Like always, there is no one-size-fits-all strategy.

👩‍💻 And the winner is…

Laura is on board with the "already configured" strategy. OK, but which one? Again, it depends.

Some of these tools are not only focused on the front end, but allow developers to quickly set up server-side rendering, leveraging Node.js. It's the case of Next.js, Gatsby or Neutrino, among others. I really like Nx with its interesting full-stack monorepo approach.

But do you care about SSR or a backend? Laura is trying to create a front-end app, and let's say her team has already a backend in place, with an API ready to be consumed. In this category, Create React App does not seem to have many competitors around. It certainly is the go-to approach for front-end only projects, especially for single-page application.

But what I like the most about CRA is that the amount of knowledge required to be able to start is fairly limited. It can help junior developers to dive into React, but it also helps senior devs not have to bother with new versions of react, babel, typescript and so on. You just have to yarn create react-app myapp, and that's it, you have the last version of everything. The switching cost is not very high, as you can eject and then have the possibility to manage the tooling yourself.

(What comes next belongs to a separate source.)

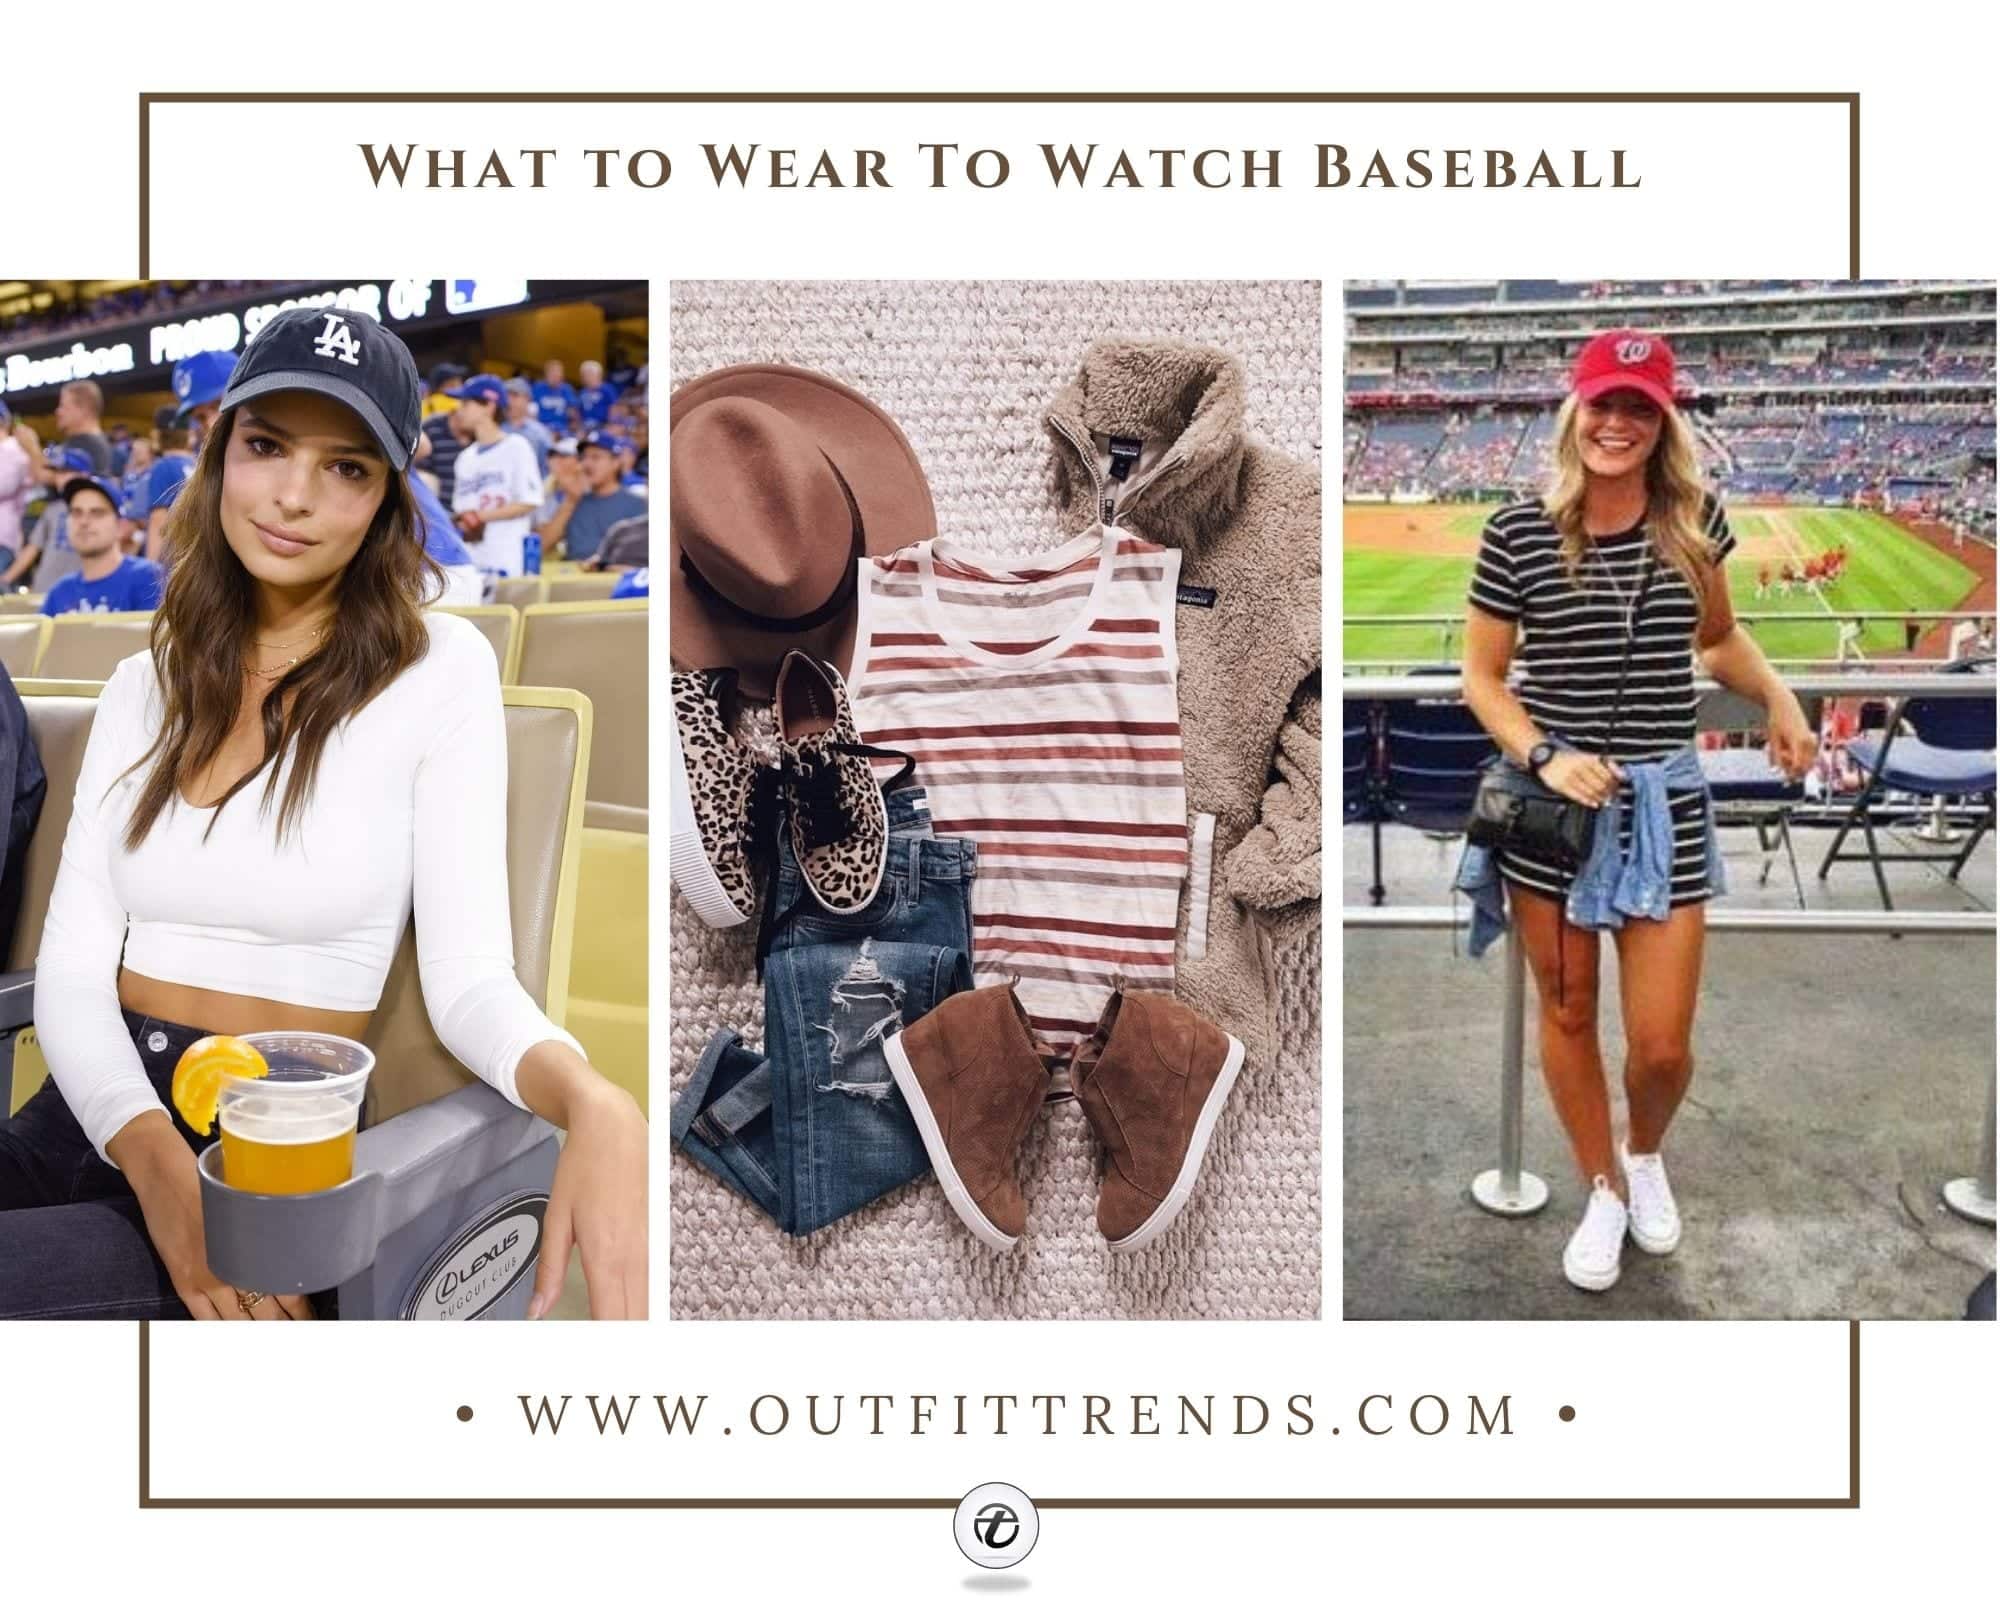 10 Best Yankees Game Outfit ideas
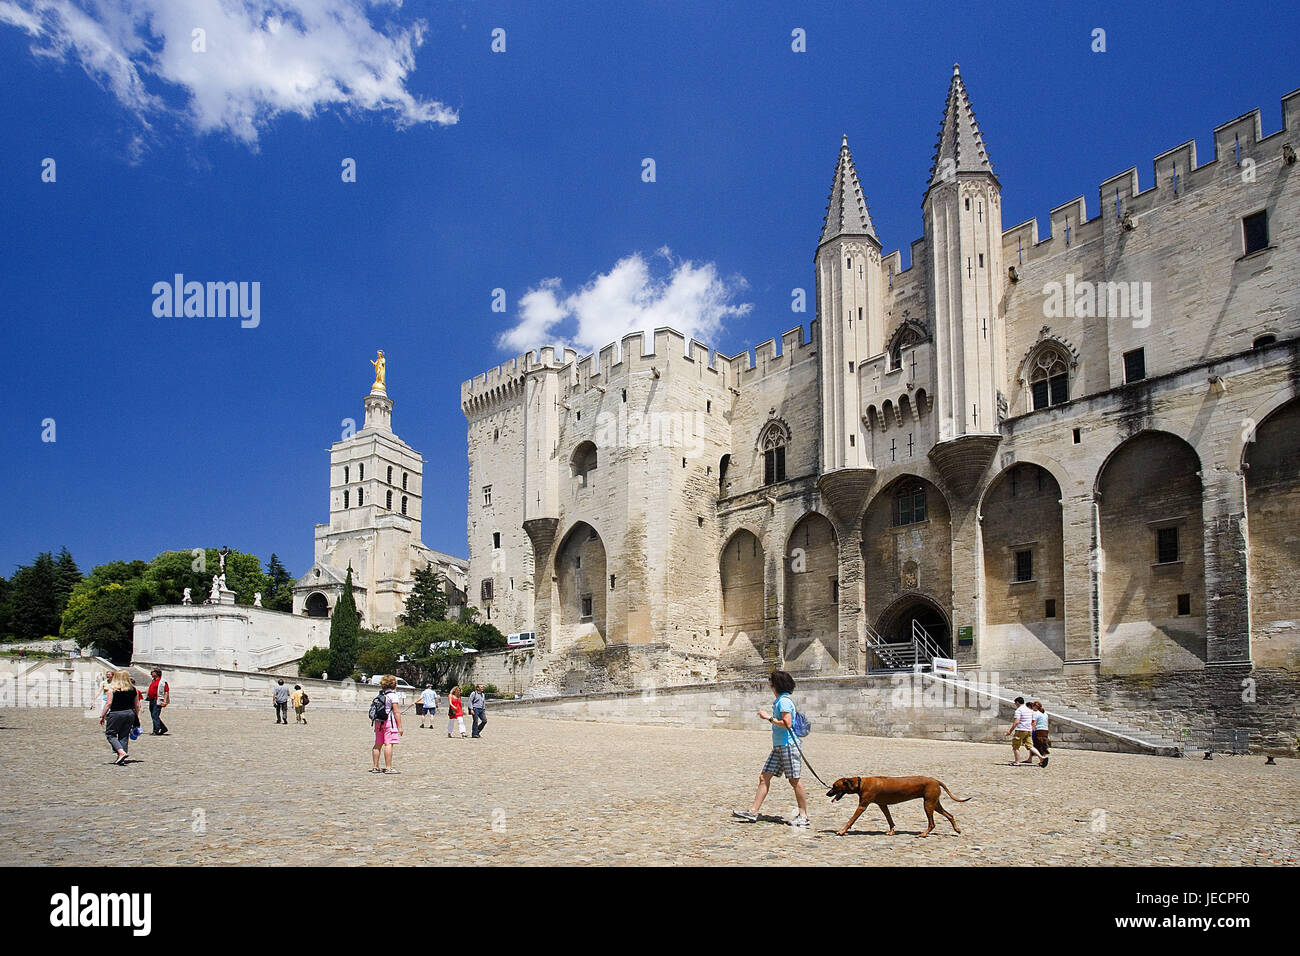 France, Provence, Avignon, town view, pope's palace, tourist, town, palace, doubles palace, structure, architecture, culture, place of interest, destination, tourism, UNESCO-world cultural heritage, person, sightseeing, Stock Photo

With CRA, Laura can benefit from amazing DX: JSX and ES6+ syntax, live development server with fast refresh, a build script for assets, production builds, tools for making a Progressive web app, and so on. And of course, hassle-free updates with a single dependency. For those who already worked with a in-house webpack/babel config, you probably know how tricky all these dependencies can get…

Hooray, Laura is ready to code! And she's just one yarn start away from seeing it in action in her browser! 🎉

(or npm start. which one to choose? Oh no…)

🤔 Final thoughts

This article is not meant to be a "shut up and just use CRA" kind of article. It's indispensible to understand the importance of delay or avoiding making choice too early, and the importance of optimizing our code for change.